More information about all of these files can be found in the
Appendix. There are several ligand output options, which write molecules to files whose
names are formed using the output_file_prefix
parameter:
DOCK
will always write out a scored molecules output file, which contains the best
scoring pose for each molecule in the database.
This will create a file called outputprefix_scored.mol2. Beyond this option, there are several other
levels of sampling output:
1) Users can choose to write out
orientations. This will create a file
called outputprefix_orients.mol2. This
will write out the molecules after they have been rigidly oriented and
optimized. If anchor & grow is being
used, this option will write out only the anchor fragment.

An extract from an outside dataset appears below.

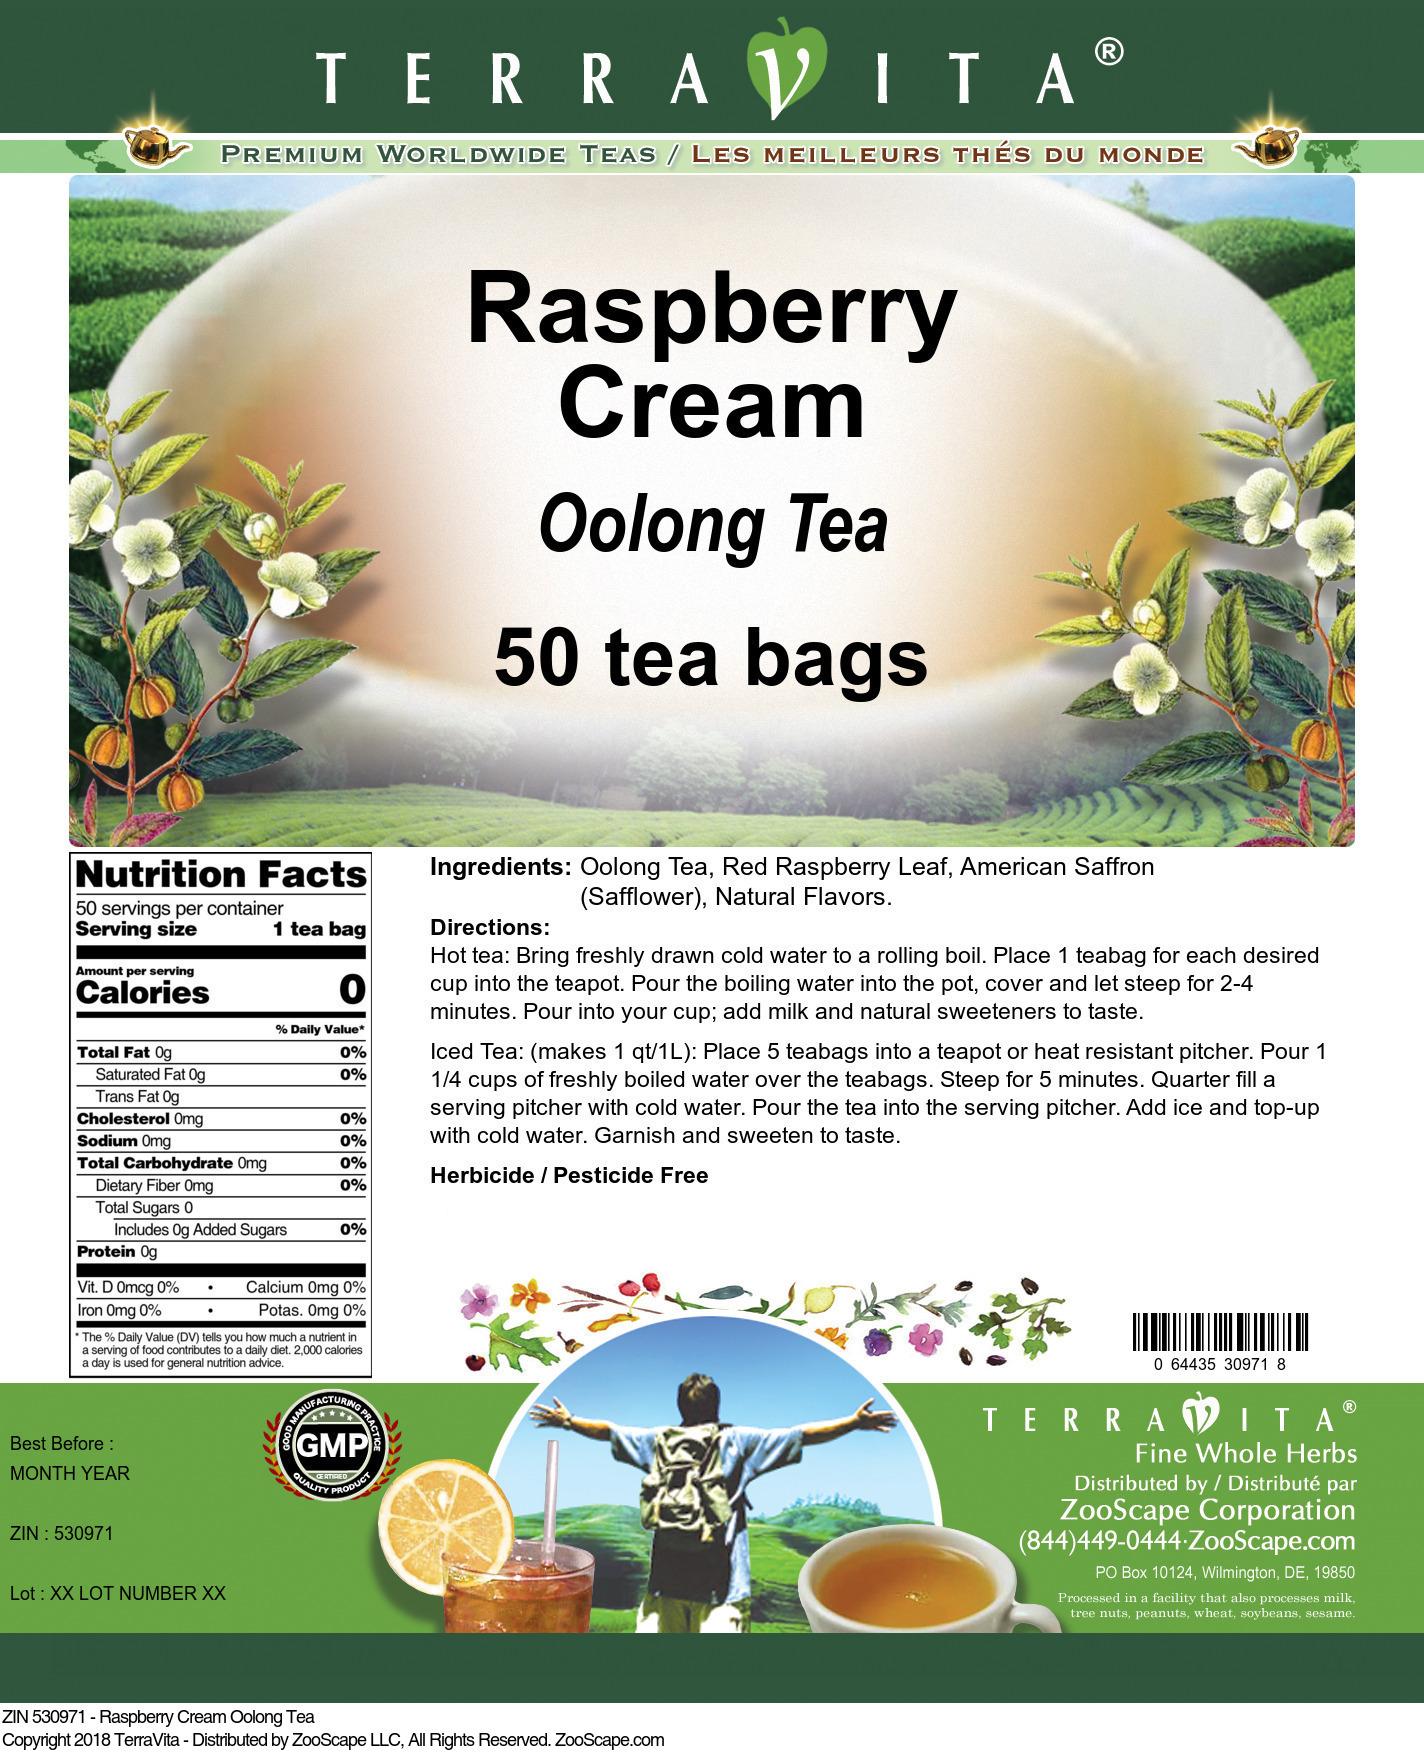 Raspberry Cream Oolong Tea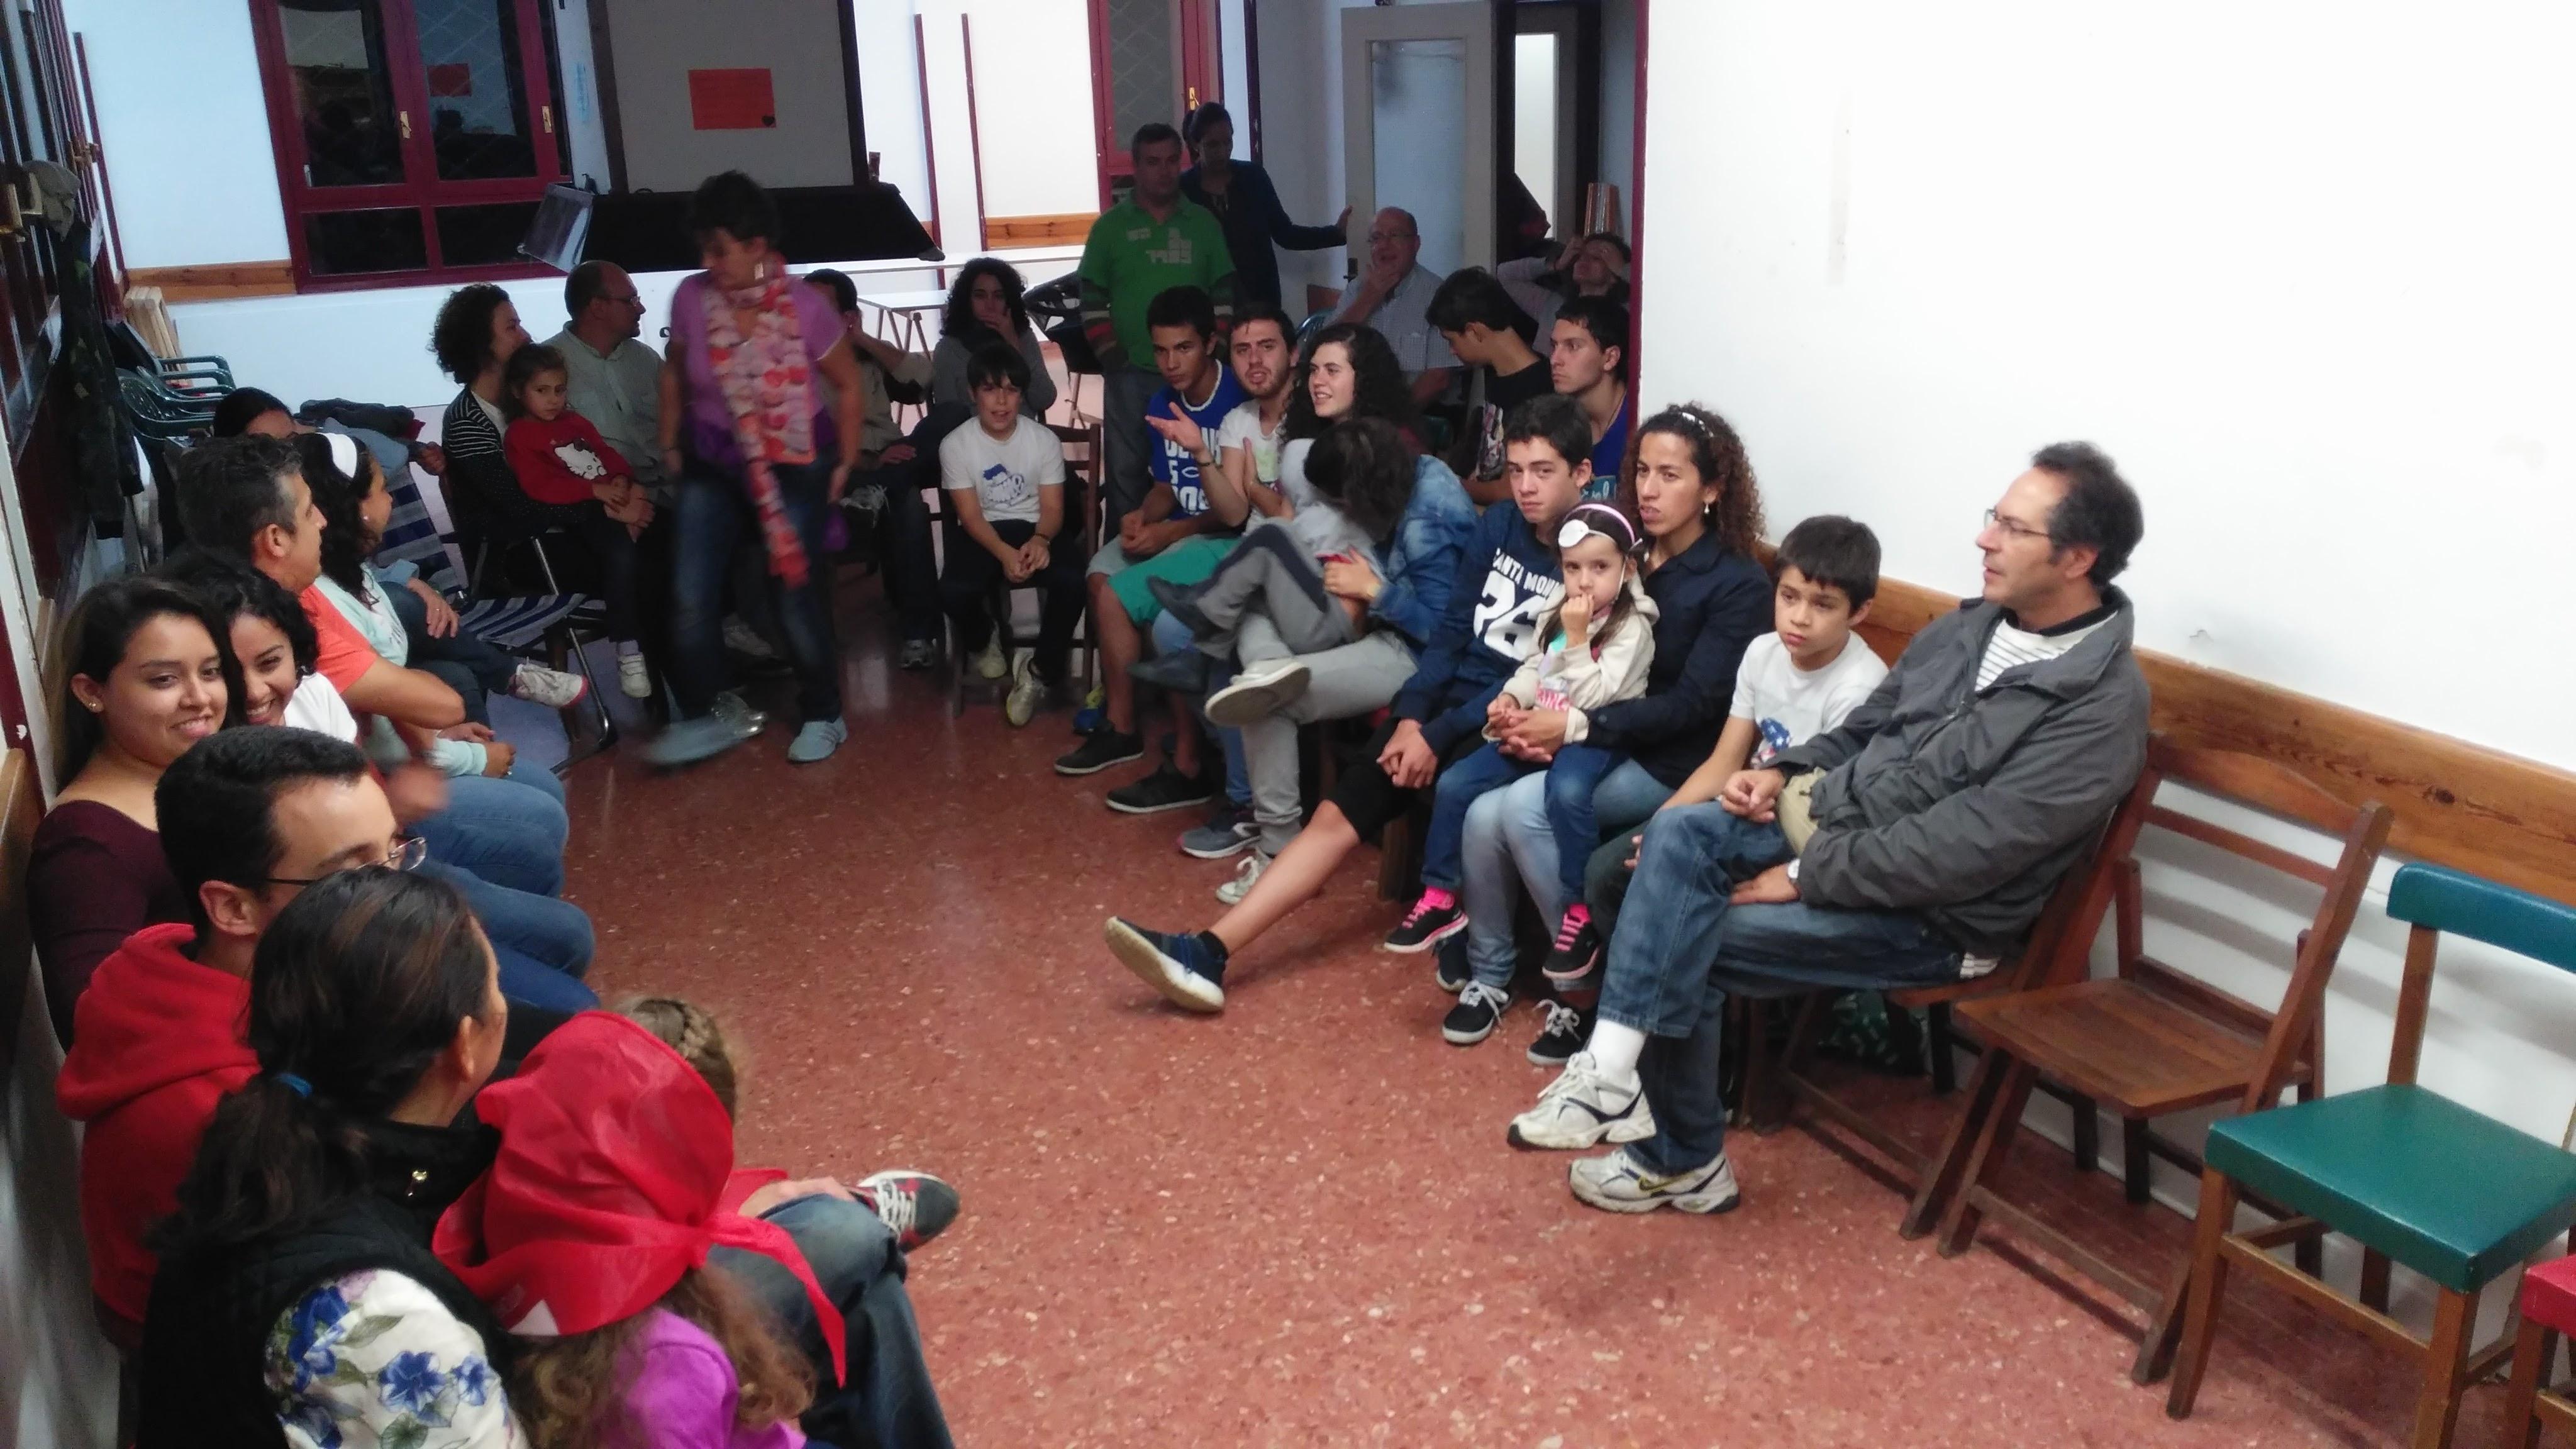 Picasa - 2015.09.12-13 - Convivencia Sector Familias(21).jpg

All orientations generated will be written out,
so be careful that the output does not get too huge.
2) Users can also write out conformers prior to
final optimization. This will create a
file called outputprefix_confs.mol2.
Again, be aware that the number of molecules in the output file will be
equal to the database size * the # of anchors per molecule * the number of
orientations per anchor * the number of conformers per cycle. This file can grow quite large, so only use
it on single poses or small databases.
3)
Finally, users can write molecules ranked by score. This will create a file called
outputprefix_ranked.mol2, which writes out the top N molecules from the
database. This option disables the
scored molecule output file by default, though users can override this and
write out the best pose for each molecule as well.
DOCK 5 uses receptor spheres and ligand
heavy atom centers to rigidly orient ligands in the
receptor. The spheres are generated
using the accessory SPHGEN. Cliques of
receptor spheres & ligand centers are identified
using the maximum subgraph clique detection algorithm
from DOCK 4. All cliques that satisfy
the matching parameters are generated in the matching step, and can be sorted
or ordered prior to the loop where the program cycles through the orientations.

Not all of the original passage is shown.